JACK KELLOGGUPDATED APR. 24, 2026, 11:32 AM ET
Reviewed by Ellis Hobbsand Fact-checked by Matt Monaco

Advanced Micro Devices Inc. stocks have been trading up by 13.83 percent amid strong AI chip demand and bullish analyst upgrades.

Candlestick Chart

Live Update At 11:32:08 EDT: On Friday, April 24, 2026 Advanced Micro Devices Inc. stock [NASDAQ: AMD] is trending up by 13.83%! Discover the key drivers behind this movement as well as our expert analysis in the detailed breakdown below.

Quick Financial Overview

Advanced Micro Devices has been trading like a classic momentum name. On the daily chart, AMD ripped from a close near $196 in late March to about $347.66 on 2026/04/24. That is a steep, fast run, the kind that rewards disciplined traders and punishes anyone chasing without a plan.

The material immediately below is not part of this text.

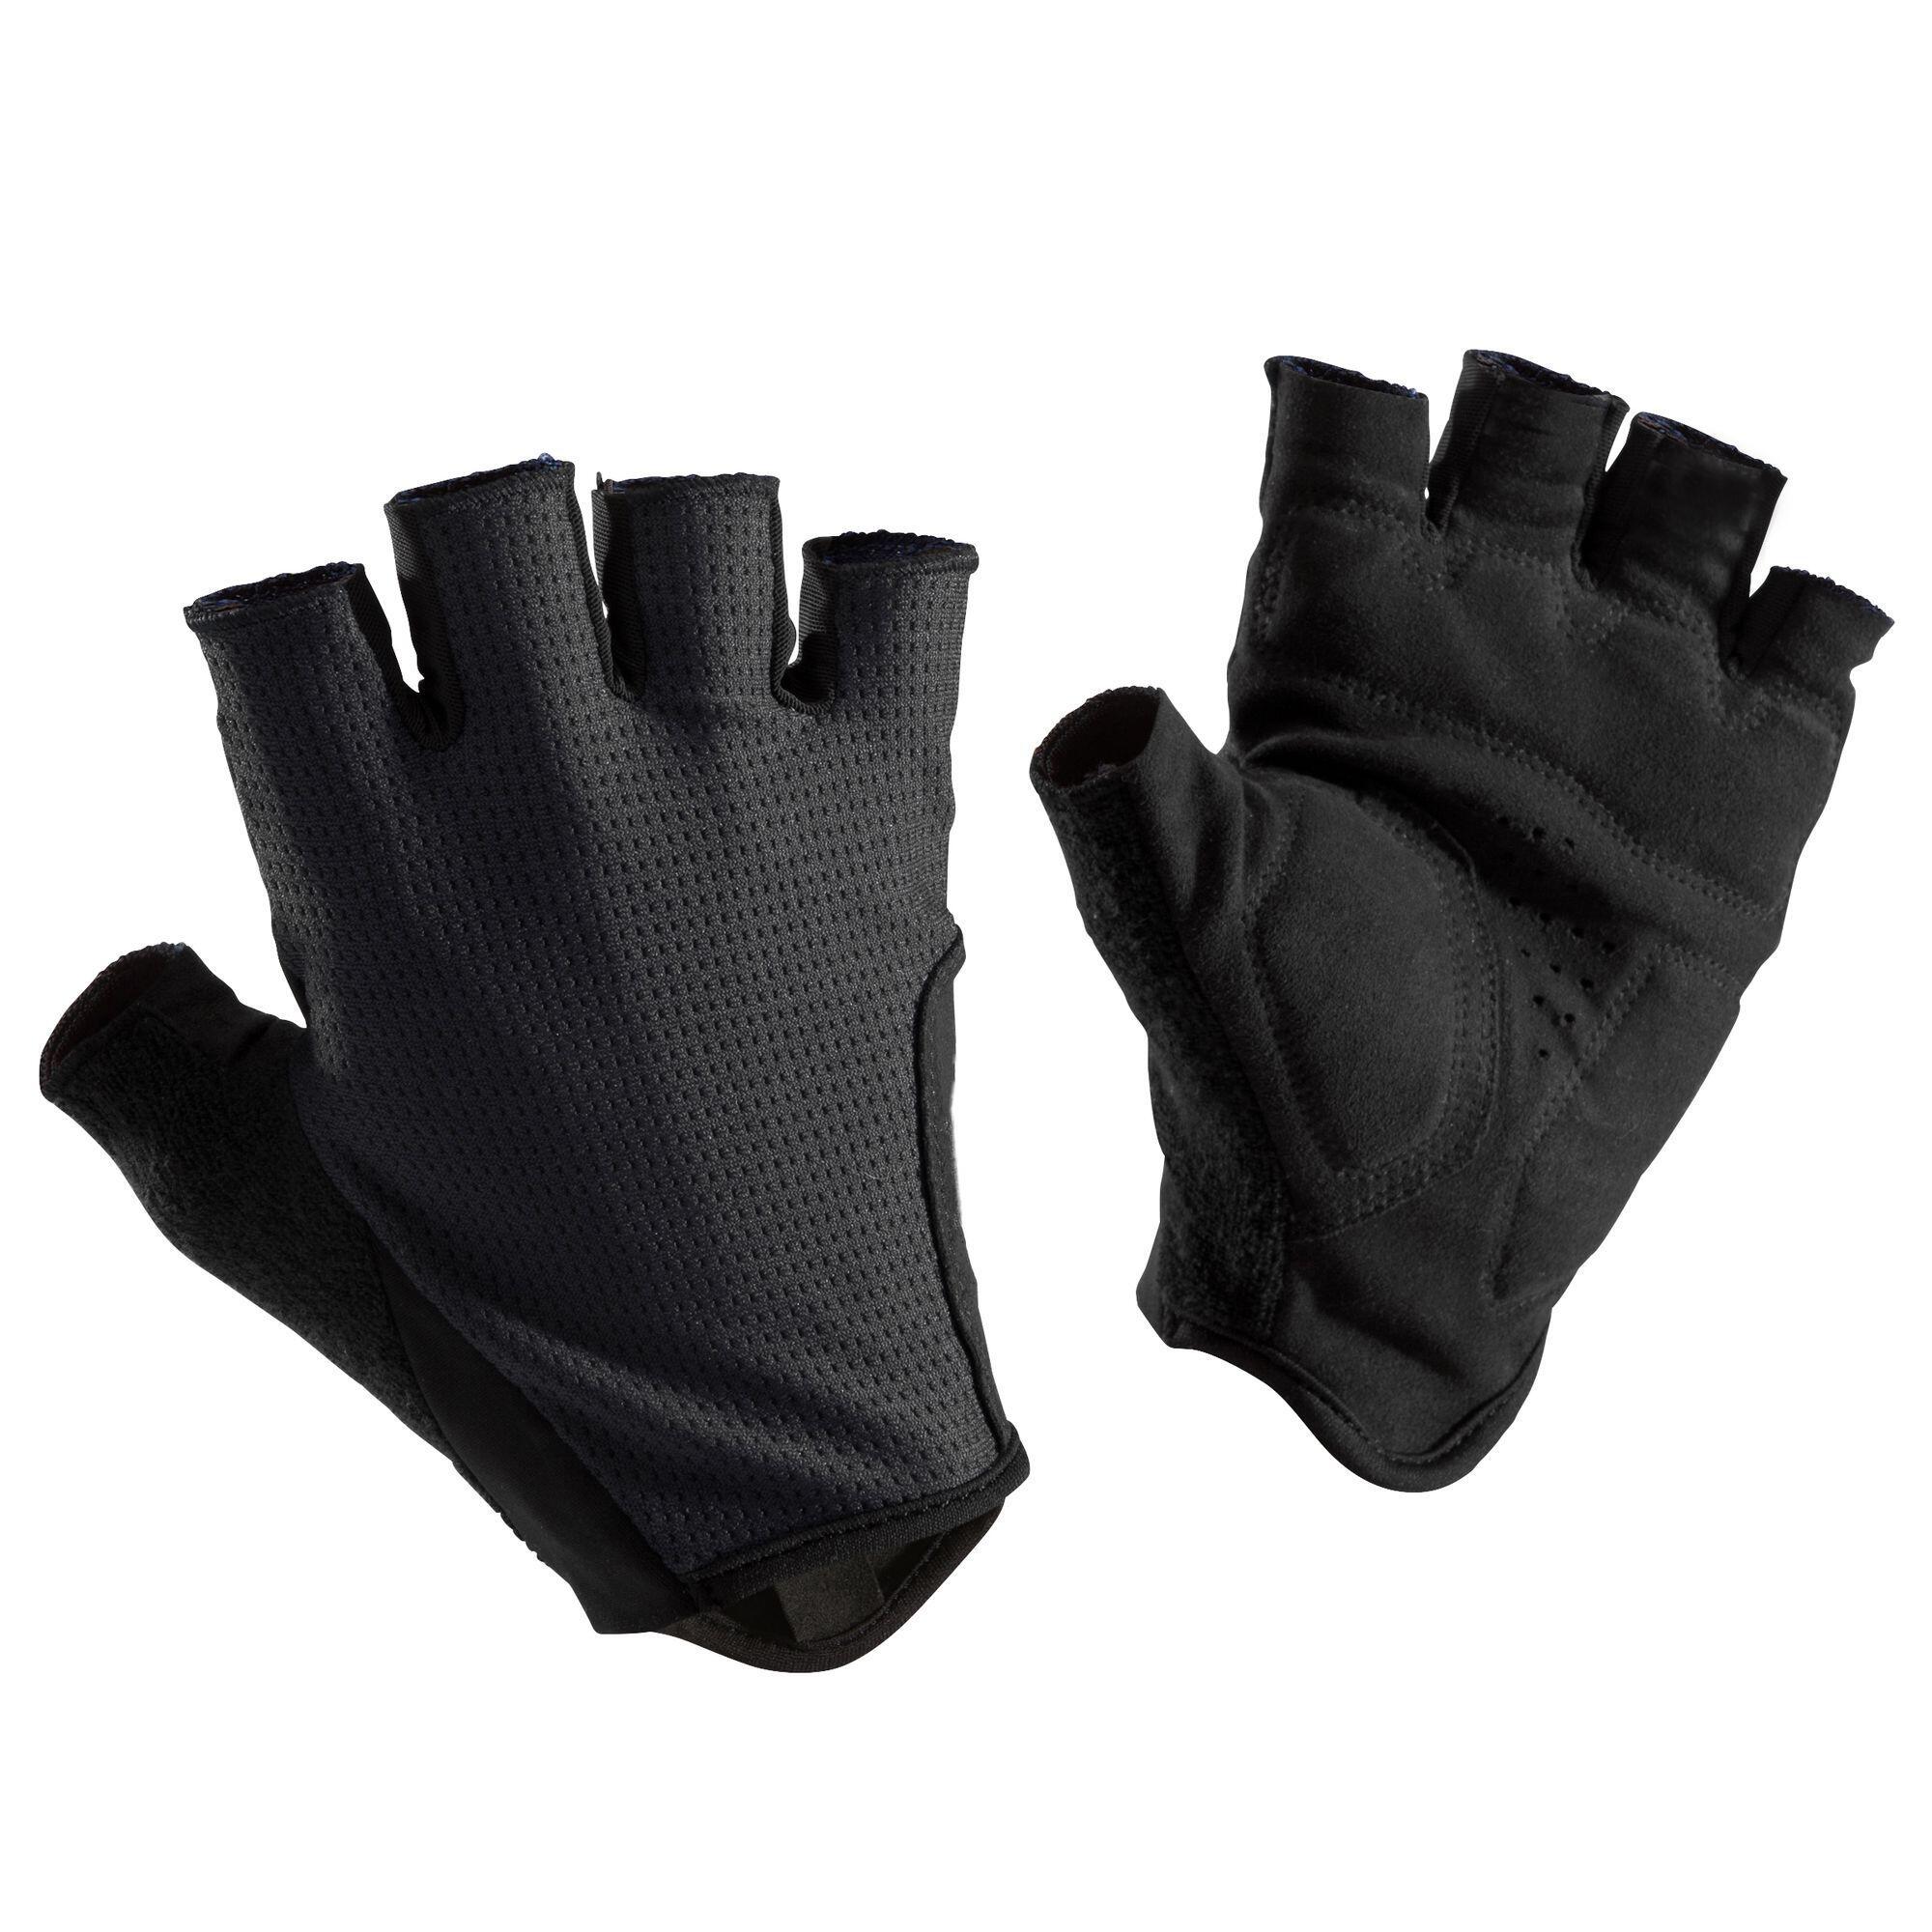 Fahrradhandschuhe Rennrad 500 neongelb | Accessoires > Handschuhe > Sonstige Handschuhe | Triban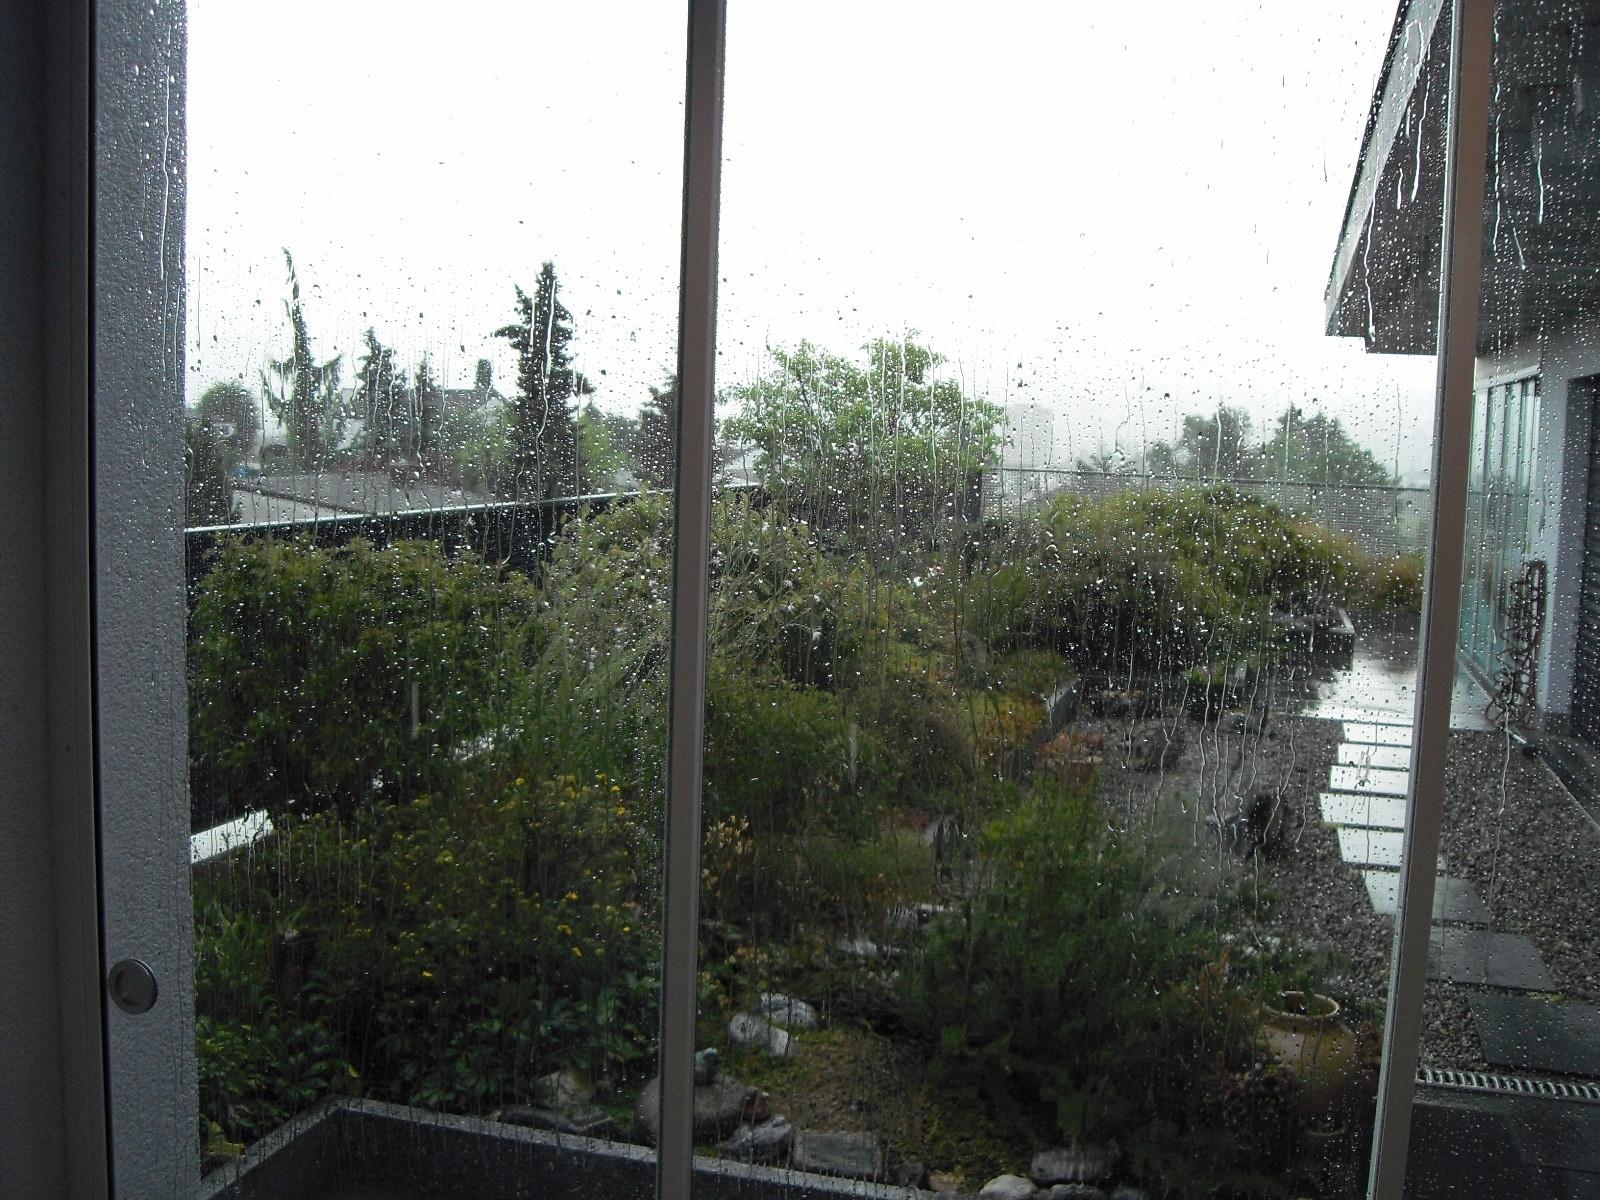 Juli / Willkommener Regen ... 1

Intraday, the 5‑minute tape shows AMD opening around $336.76 and grinding higher toward $350.88 before cooling near $347.66. That intraday stair-step pattern, with higher lows and controlled pullbacks, signals strong dip buying and algo support.

Under the hood, AMD is priced for growth. A price/earnings ratio above 114 and price/sales near 14 tell traders the market is paying up for AMD’s AI and data center story. At the same time, gross margin around 49.5% and EBIT margin near 12.6% show the core business is not just about hype — it is printing real profits.

The balance sheet backs the move. With total debt to equity of only 0.06 and a current ratio around 2.9, AMD carries light leverage and plenty of liquidity. That gives the company room to keep funding AI, server, and automotive bets without stressing the cash pile — something momentum traders want to see in a high‑valuation name.

Why Traders Are Watching AMD Right Now

Wall Street has lined up behind AMD’s AI narrative, and that is fueling the current breakout. Stifel’s latest move — hiking its AMD price target from $280 to $320 and sticking with a Buy view — anchors the bull case. The firm points directly to stronger demand for AI-heavy and general-purpose compute, all tied to a broader uptrend in AI infrastructure build. For traders, that is a clean, simple story: data centers are buying, AI workloads are exploding, and AMD is in the flow of capital.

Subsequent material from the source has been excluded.